Note that the Public Religion Research Institute study referenced here dates back to 2011, so we're not exactly talking about stop-the-presses news. And we should hardly be surprised by the kink in the findings that, as Jones puts it,
the friends and family effect is considerably more muted among Republicans. The friends and family gap among Republicans, who are much more opposed to same-sex marriage and significantly less likely than other Americans to report having a close friend or family member who is gay or lesbian, is only 10 points, compared to 23 points among independents and 39 points among Democrats.
Well, my goodness, people whose minds have been more thoroughly permeated by ignorance and hate have a harder time shaking free of its influence! It's hardly any wonder then, that when Republicans like the monstrous Cheneys, "Big Dick" and Lynne, have chinks in their armor of unremitting hatefulness and evil on the subject of same-sex affinities, no doubt attributable to their experience of adjusting to their daughter Mary's well-known same-sex affinity, they can be dismissed as people who care only about their own.

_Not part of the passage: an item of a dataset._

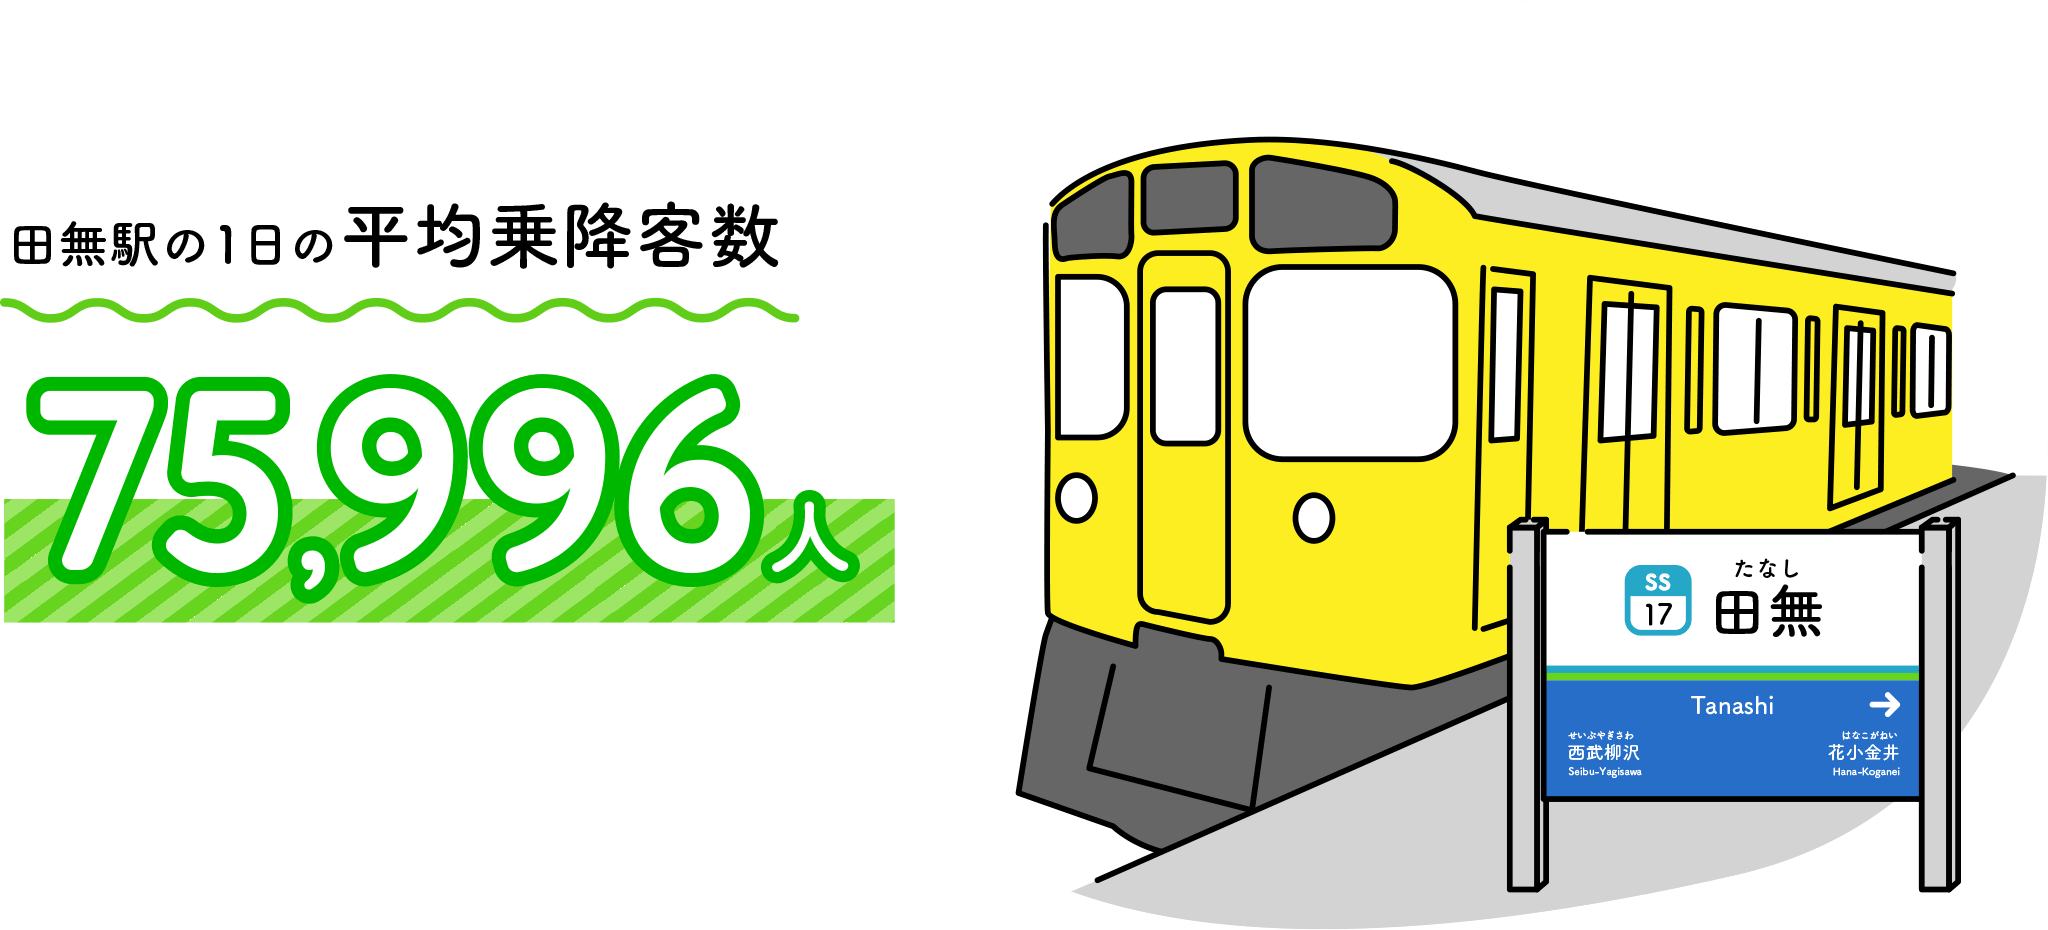 田無駅の1日の平均乗降客数75,996人（西武線全92駅のうち11位）

And I don't think this dismissal should be dismissed. In Senator Rob's public statements to date, it's hard to see much enlightenment beyond the desire not to see his son tarred with the brush that has been traditionally used on homosexuals generally. As Howie pointed out, his record on matters LGBT-related which he's had occasion to cast votes on is dreadful, and doesn't appear to have gotten ay less dreadful in the two years during which he's been chewing over young Will's revelation.

And this is why I'm withholding official approval of Senator Rob's volte-face. (Howie and I had a high school history teacher who loved to use the word volte-face. He seemed to manage to work it into just about every class.)

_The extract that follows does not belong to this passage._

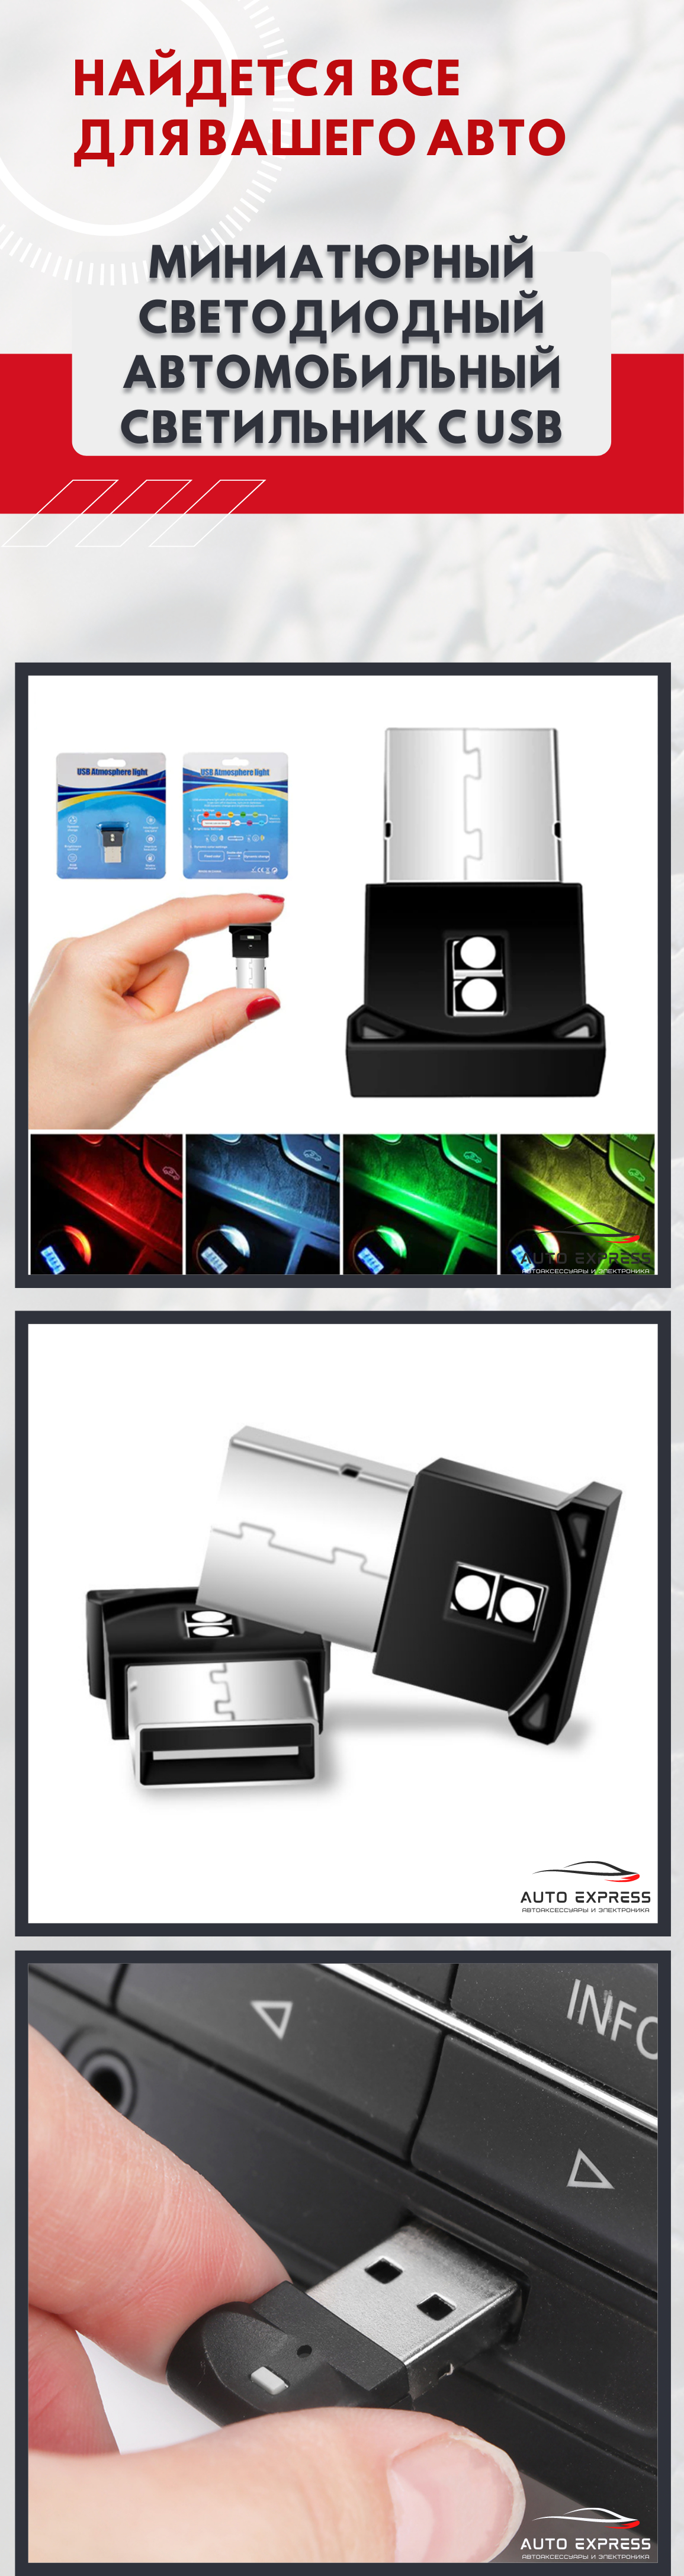 Миниатюрный светодиодный автомобильный светильник с USB за 179 ₽  .

I want to see him do, or hear him say, one more thing that indicates he actually understands the issues he's stumbled into, and actutally believes what he seems to be saying.

HERE'S ONE SUGGESTION: HE COULD
SIGN ON AS A CO-SPONSOR OF ENDA

I noticed, for example, that in the obvious follow-up questions Senator Rob had thrown at him, for which despite their obviousness he seemed wholly unprepared, he responsed with tortured variations on "no comment" or "mind you own beeswax." Like questions about any actions he might take as a result of his newfound understanding of the unfairness of denying same-sex couples the right to marry. As far as I could tell, that new understanding doesn't seem to extend to any foreseeable legislative support or vote.

More important, it doesn't seem to extend to anything except the issue of same-sex marriage. So while the senator seems to want Will to have the right to marry the right man, should he come along, he doesn't seem at all concerned about Will being subject to discrimination in employment or housing, about the ease with which in most states he can be fired just for being gay, or denied the right to rent or buy a home. One could be cynical and say, why the hell should he worry about the son of a U.S. senator being subject to abuse in the workplace or in the housing market?

I don't think I'm asking for much: just one more thing. He could, for example, announce that he has signed on as a co-sponsor of ENDA, the proposed federal Employment Non-Discrimination Act -- and in an all-LGBT-inclusive version. No doubt, in Senator Rob's world, what he's done is an act of great courage. I'm merely pointing out that Senator Rob's world isn't the real one. And in the real world, what he's done so far doesn't count for much. Just look how little he would have to do for me to officially declare that he's not a no-guts cookie-cutter right-wing nonentity, he's a low-guts one.